Any one out there own a Ruge SP 101?

I have heard they are tough little guns, your thoughts..

Pictures are appreciated


----------



## Baldy (Jun 21, 2006)

:smt023 The Sp101 is as fine a snub nose as there is out there. I carried one for a good while with C/T sites on it and it was dead on at 25'. They are not a range gun as full power .357s will wear you out after about a box of them. You do have to practice alot to get good with them . You need to practice often but don't try to be a pro in one afternoon. :smt1099


----------



## rfawcs (Feb 11, 2006)

It's a nice, small revolver. Heavy compared to some others, but like every Ruger handgun I have, built like a tank. Trigger pull seems like about 15 pounds.


----------



## Baldy (Jun 21, 2006)

That's ture the trigger is a little stout. My smith slicked mine up to a 4lb pull and it was perfect. I think he charged me $40 for the job but it was money well spent. I carried it in a Galco IWB holster on my right hip. Didn't notice it after a mintue or two. Good luck on your choice.


----------



## Stephen A. Camp (May 9, 2006)

Hello. I've had very good luck with the SP101. If interested, here are some observations on this revolver:

http://www.hipowersandhandguns.com/Ruger SP101 Report.htm

Best.


----------



## TJCombo (Dec 30, 2006)

SP 101 in .357 is a VERY nice carry revolver, bobbed hammer, 2.25 barrel easily fits in a jacket pocket. If you are not interested in packing, the GP100 is worth checking out as well. The SP 101 is a great revolver, you won't be disappointed.


----------



## Waffen (Feb 8, 2006)

The wife has one shoots 38's and 357's with no problems.. Try it you will like it...


W


----------



## D-Ric902 (Jul 19, 2006)

Great little guns.
They are a little heavy but it helps with recoil.


----------



## tex45acp (May 26, 2006)

I have two, a 2" DAO and a 3". Both shoot quite well and are very easy to carry. I carry my 3" in a Tucker Heritage IWB.

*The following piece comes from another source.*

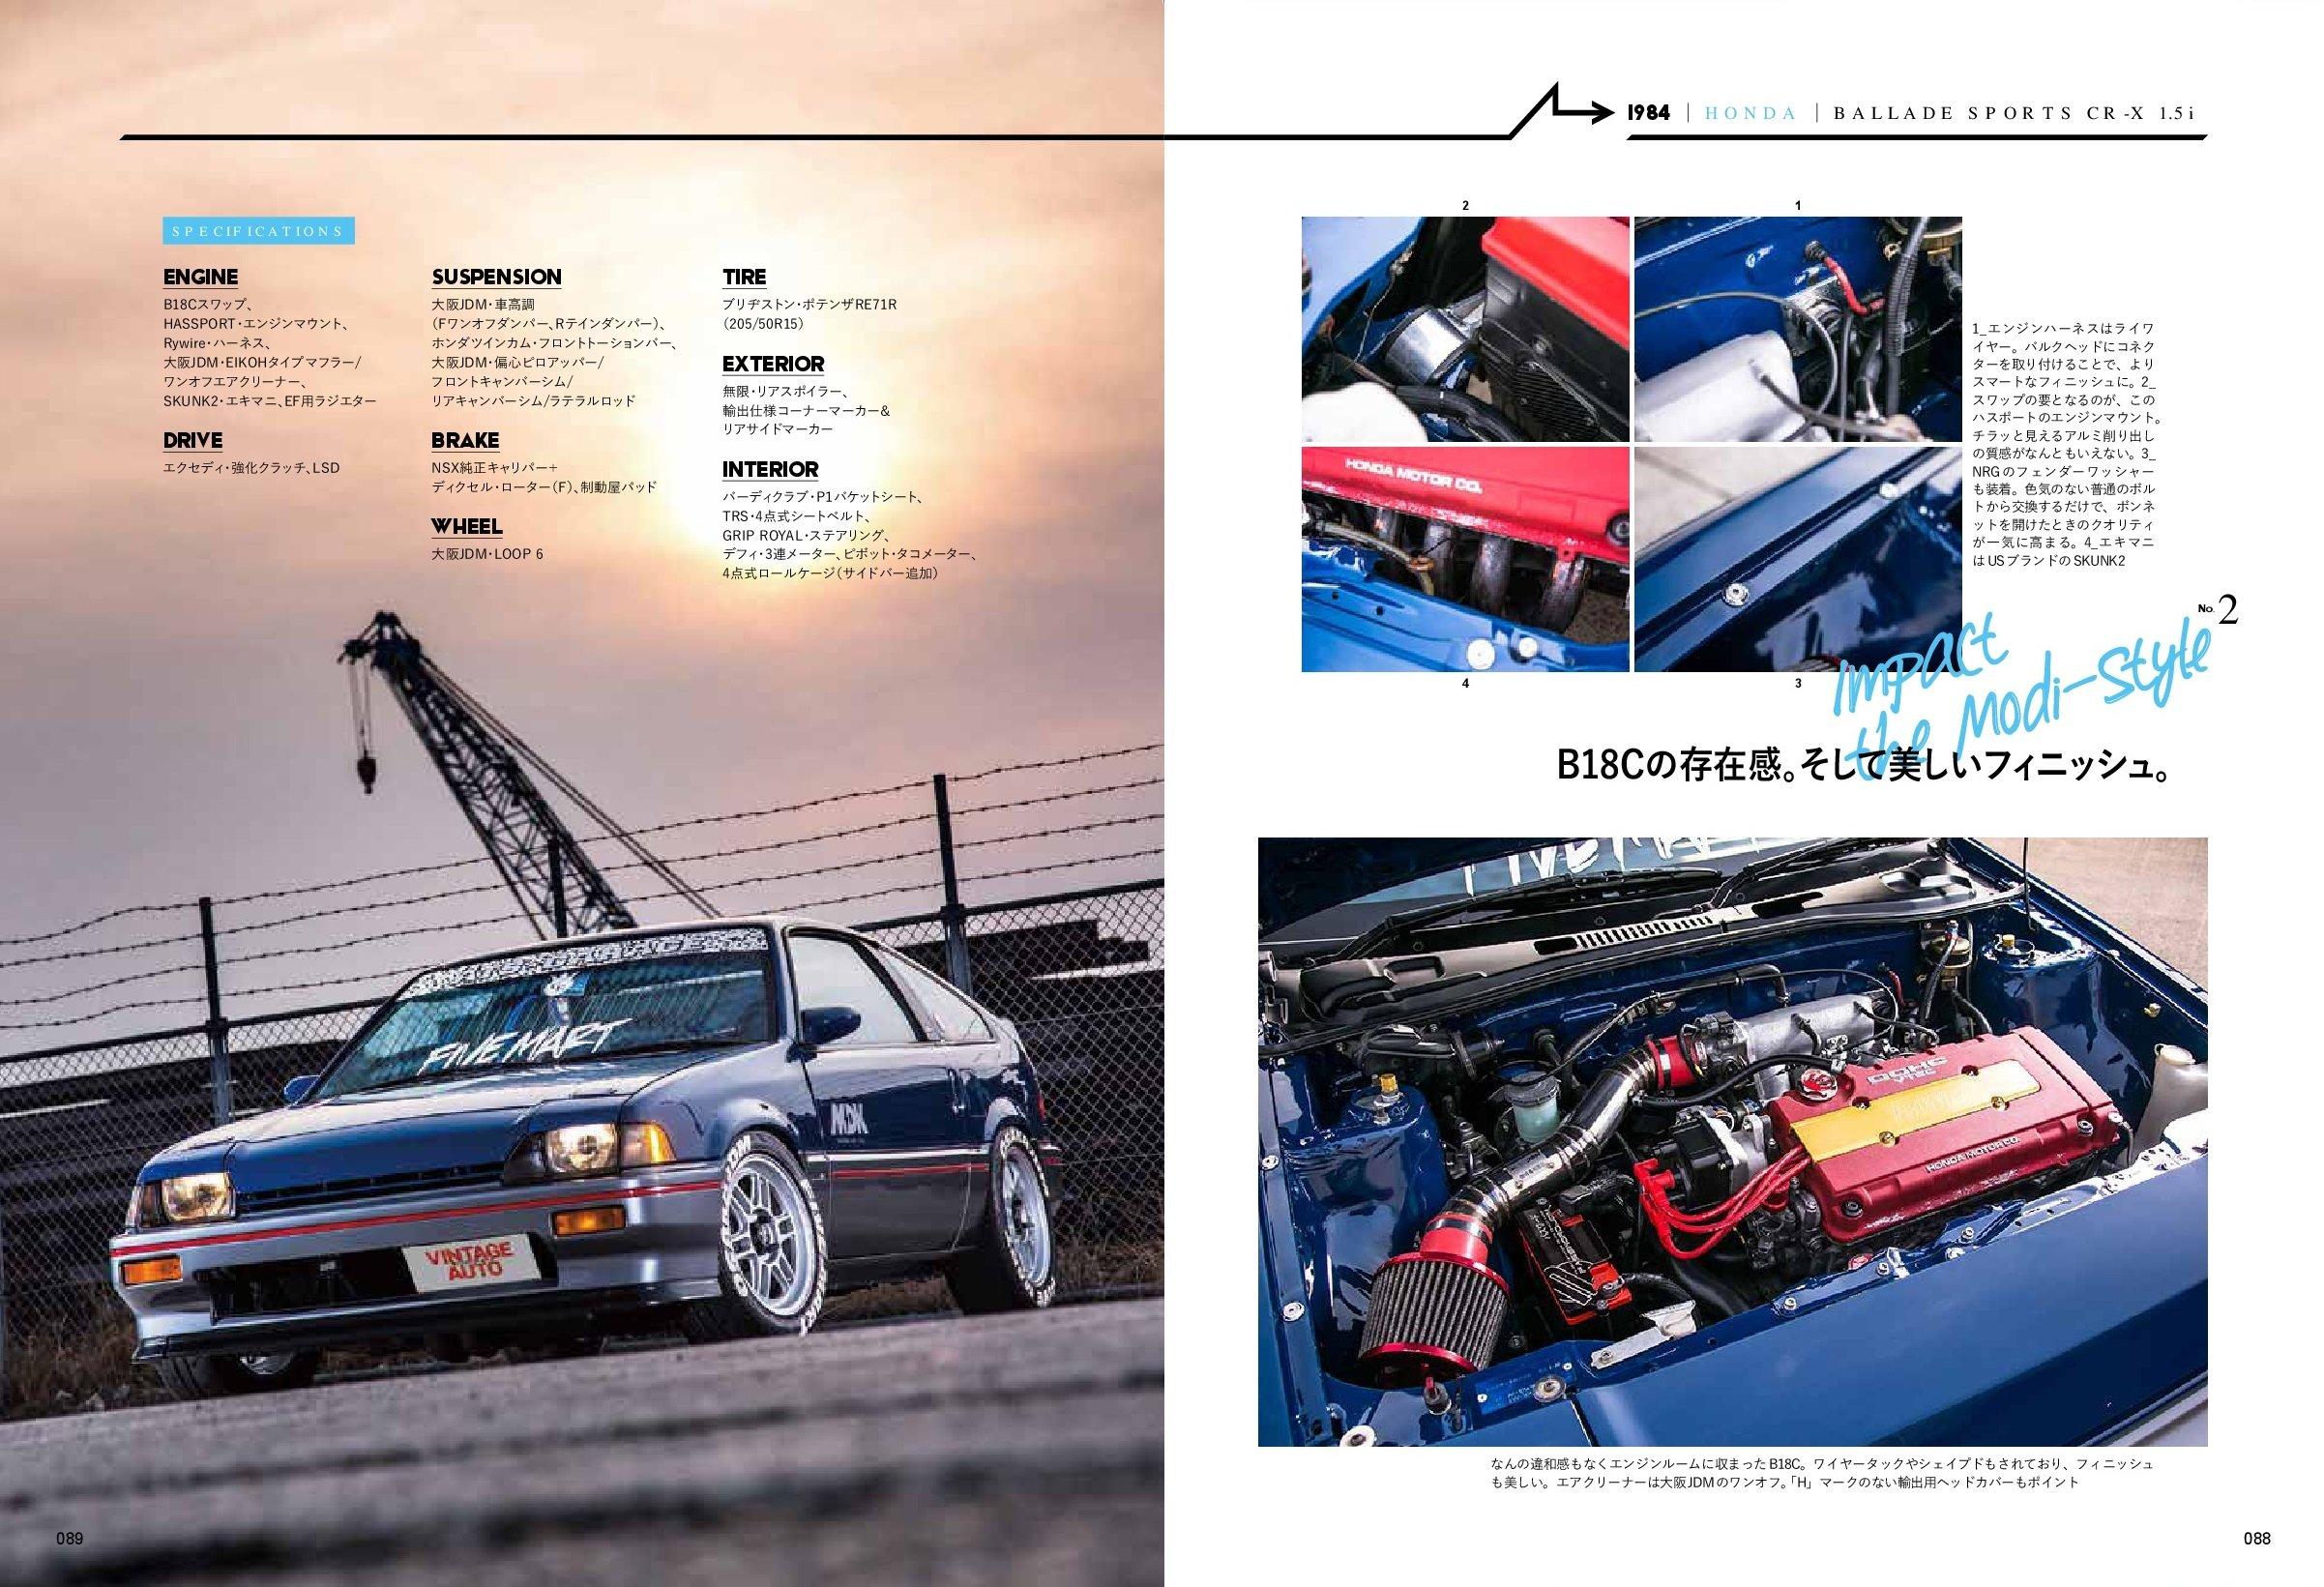 別冊Lightning Vol.169 VINTAGE AUTO 80s-90s (エイムック 3785 別冊Lightning vol. 169) ムック - 2017/7/24: 出版社: エイ出版社 (2017/7/24): 9784777947423: ...

I also carry the same gun OWB in a Don Hume pancake style holster.


----------



## Highside (Jan 20, 2007)

My Sp101 is my regular backpacking gun.

I've shot tons of .357 through it and it's never skipped a beat. When I bought it I figured with the small barrel "close enough" would be o.k. for it's purpose and in the desert I'd carry two chambers with snakeshot. What suprised me was how accurate it is in single action, enough that I don't bother with snakeshot, if a snake is to far away to get a headshot with hollow points, then it's far enough out that I can just walk away.

Like others have said, the heavy frame makes magnum rounds VERY manageable, like shoot a few boxes at the range no problem. Can't think of anything bad to say about it, it's usually close by when I travel.


----------